(Adds TransCanada response)
May 3 (Reuters) – Pressure restrictions on TransCanada Corp’s Keystone oil pipeline were lifted on Tuesday in a letter issued by U.S. pipeline safety regulators, a spokesman for the agency told Reuters on Thursday.
It was not immediately clear what current flow rates are, said Darius Kirkwood, a spokesman for the U.S. Pipeline and Hazardous Materials Safety Administration (PHMSA).
The company in November shut down its 590,000-barrel-per-day Keystone pipeline, which links Alberta’s oil sands to U.S. refineries, after a spill in South Dakota and was ordered later that month to operate at reduced pressure.
Reduced flows on the pipeline had helped draw down inventories in the Cushing, Oklahoma, storage hub. A return to full capacity on the line is also expected to help relieve a bottleneck in the oil-producing province of Alberta, where increased output has run up against a shortage of pipeline and rail capacity.
The restrictions “really did have a minor impact on our throughput and so consequently, I don’t anticipate seeing a tremendous increase in our throughput once it’s lifted, based on some of the changes we’ve made already,” TransCanada’s head of liquids, Paul Miller, said on a conference call last week.

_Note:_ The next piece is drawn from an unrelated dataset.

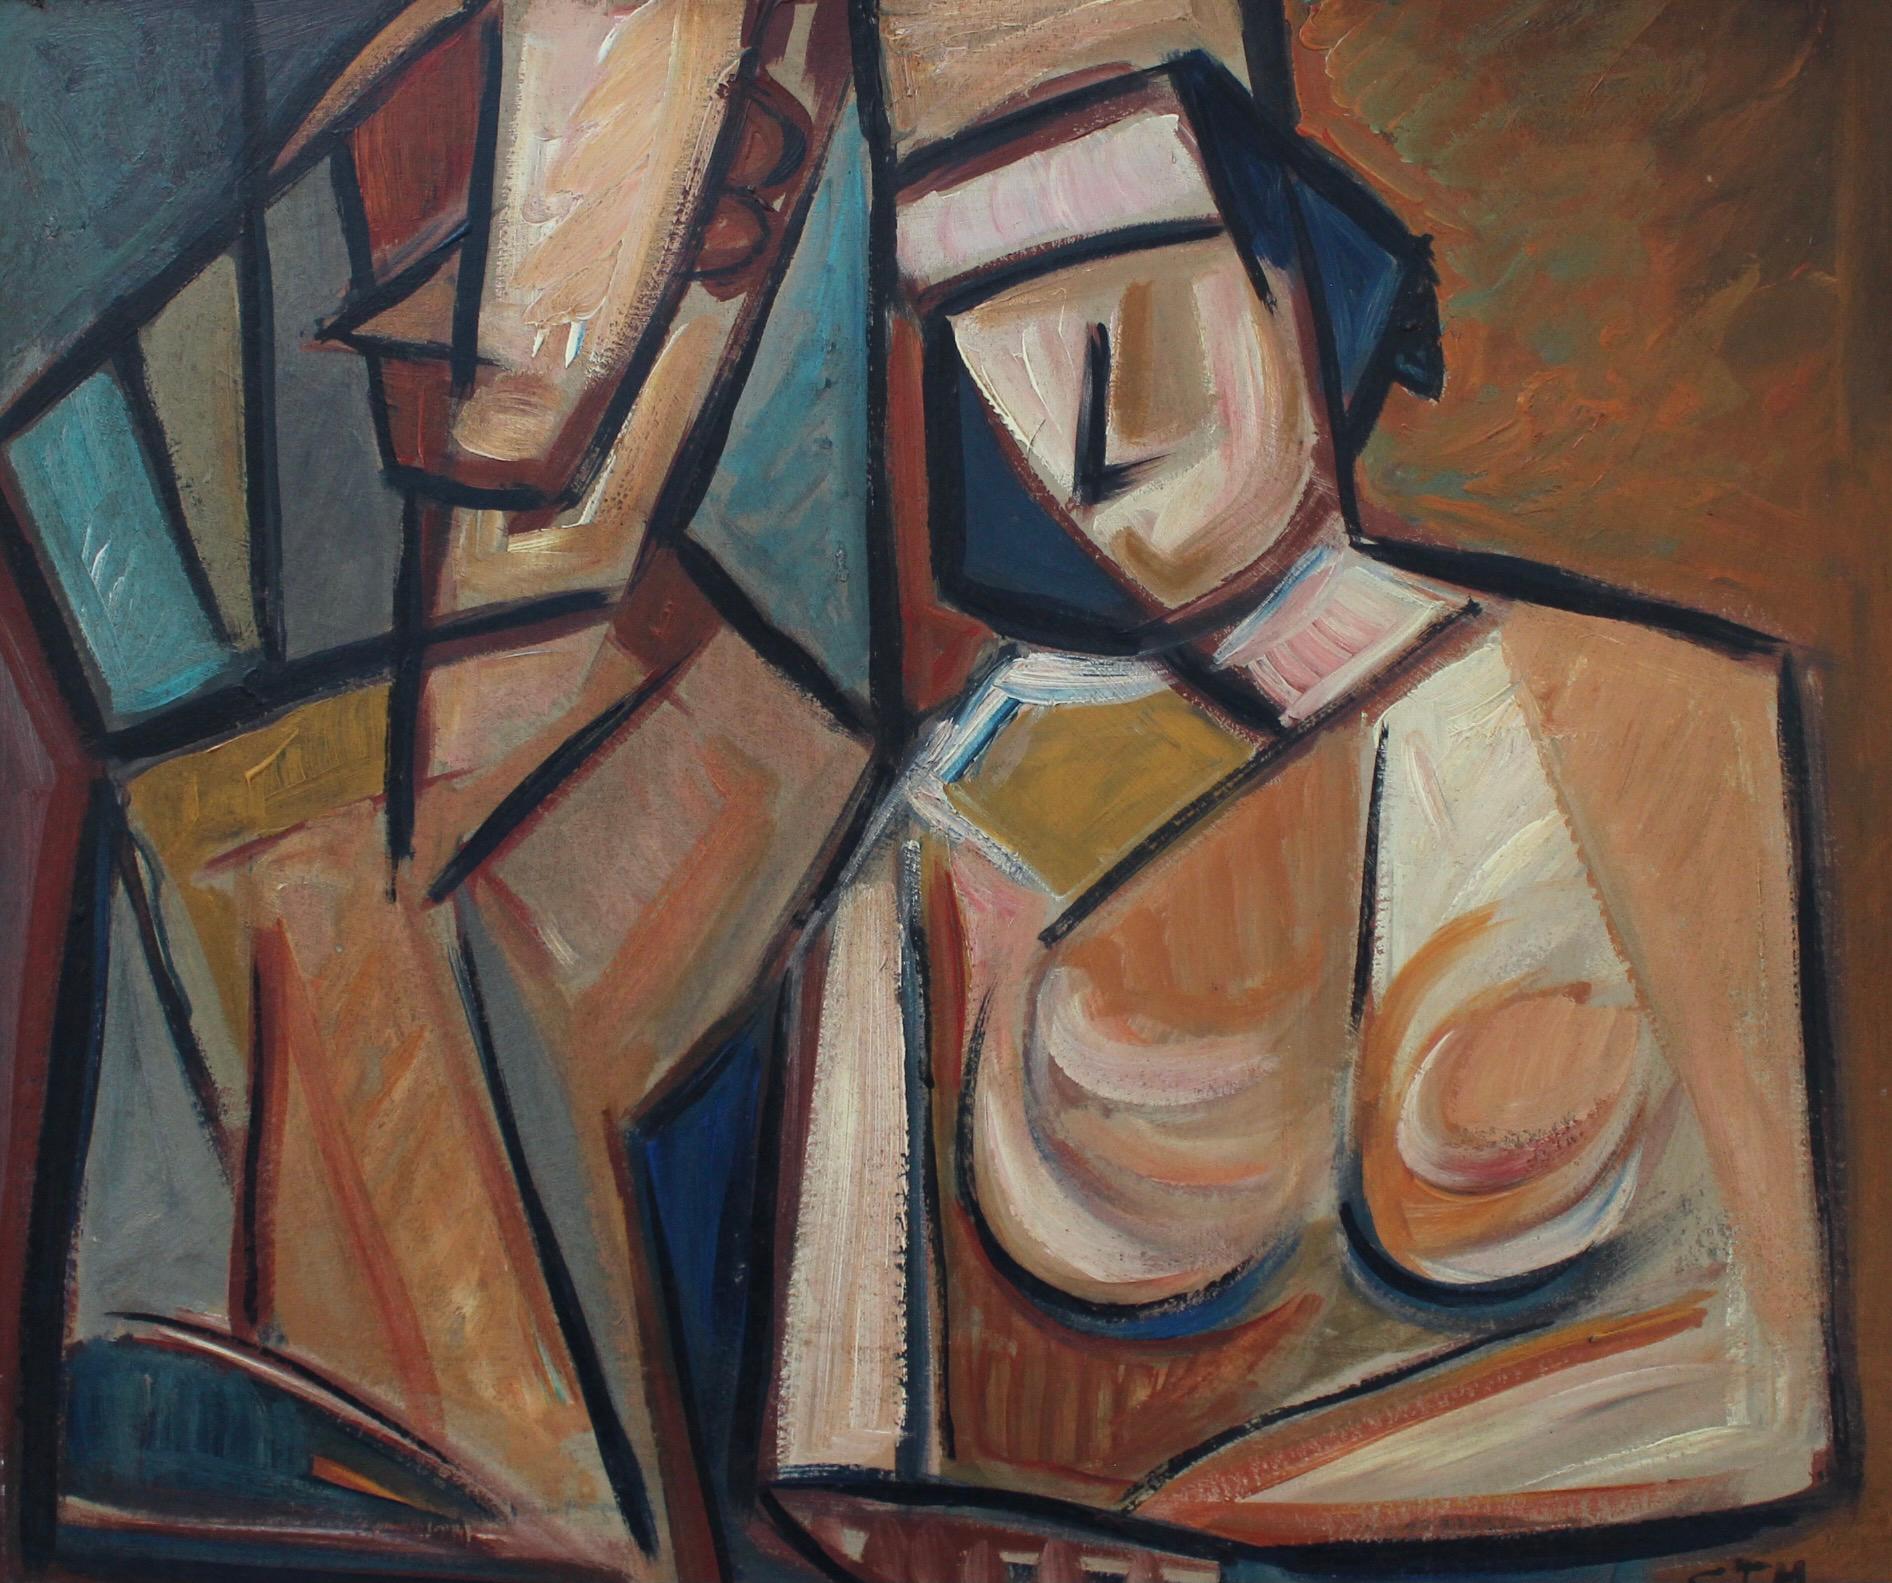 'Cubist Couple', oil on board, by STM (circa 1970s). A vibrant modern painting inspired by Picasso and Braque, the artist uses angles, lines and vibrant colours to create an entirely new dimension to painting. Cubists abandoned perspective and
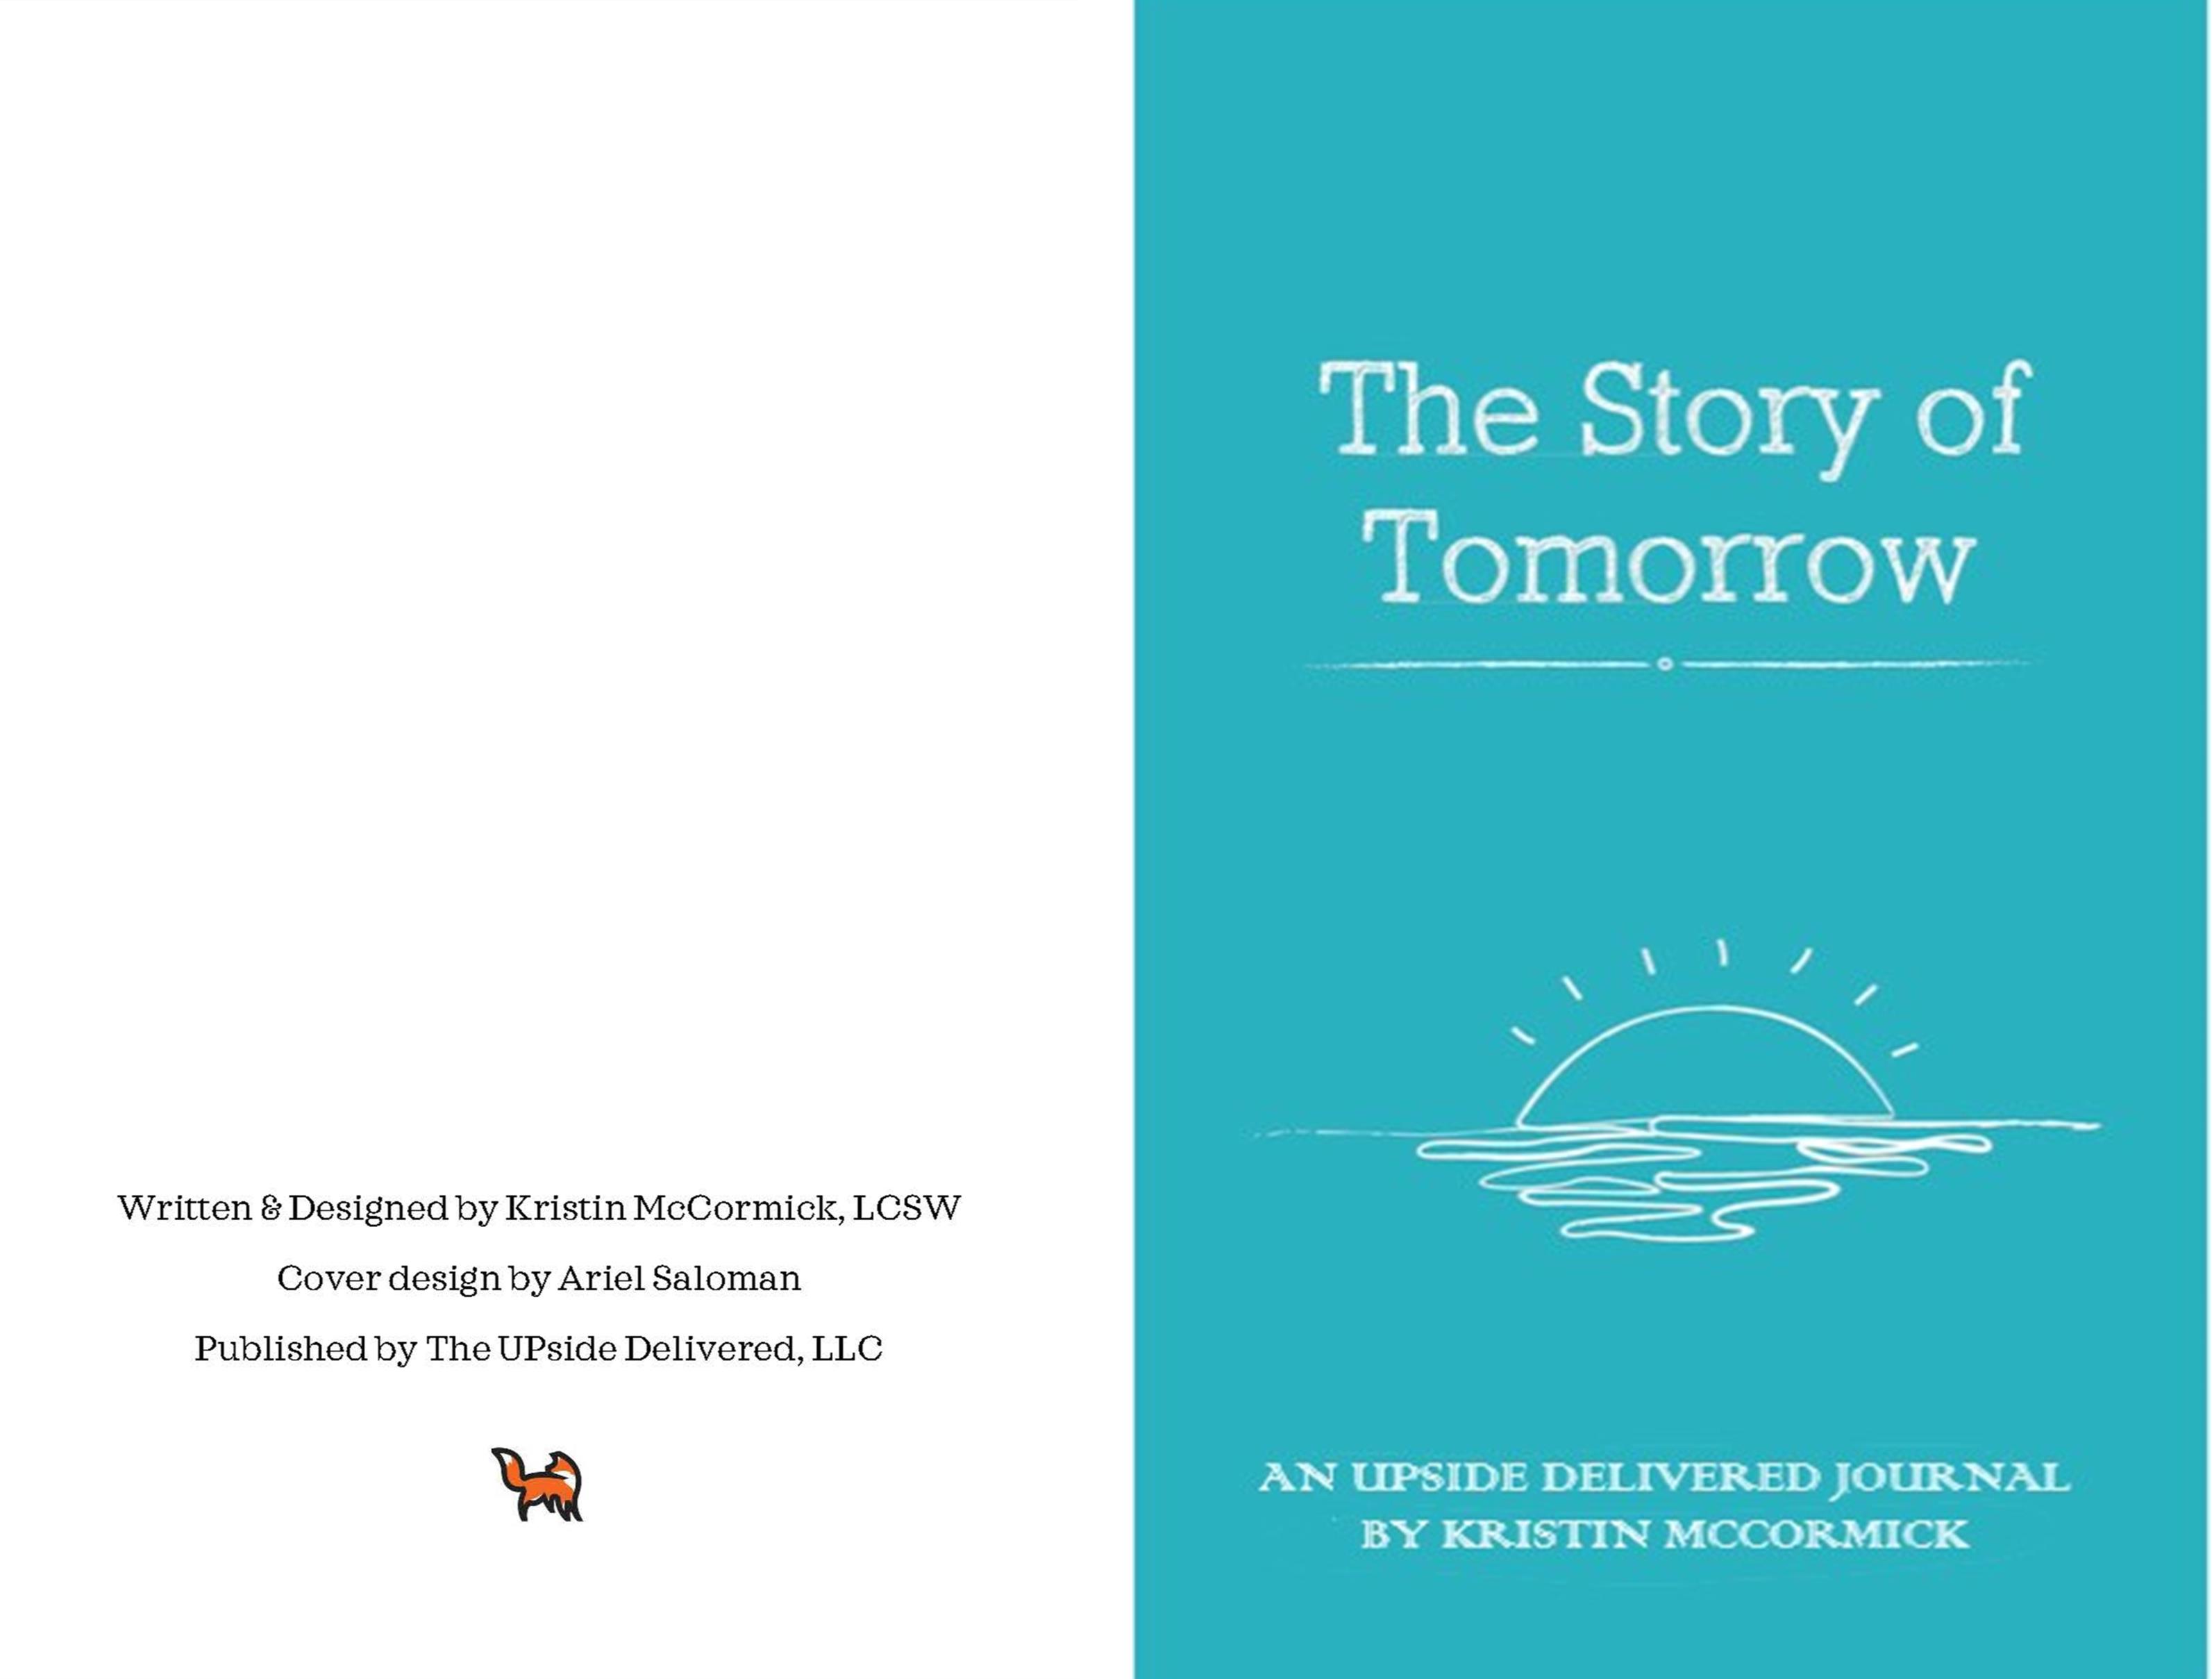 The Story of Tomorrow - School Edition cover image

A spokesman for Calgary-based TransCanada said the restrictions in place were limited to a small section of the pipeline and had been lifted.
“We don’t expect to see significant additional volumes on Keystone,” Matthew John, a spokesman for TransCanada said in an emailed statement on Thursday.
As of Dec. 1, pressure restrictions were in place only from the pipeline’s Luverne pump station to Ludden pump station and on the segment that had the leak between Ludden to Ferney pump stations, near Amherst, South Dakota, the PHMSA letter showed.
On April 3, TransCanada requested that the remaining pressure restrictions on the pipeline be lifted and PHMSA approved the request effective on Tuesday.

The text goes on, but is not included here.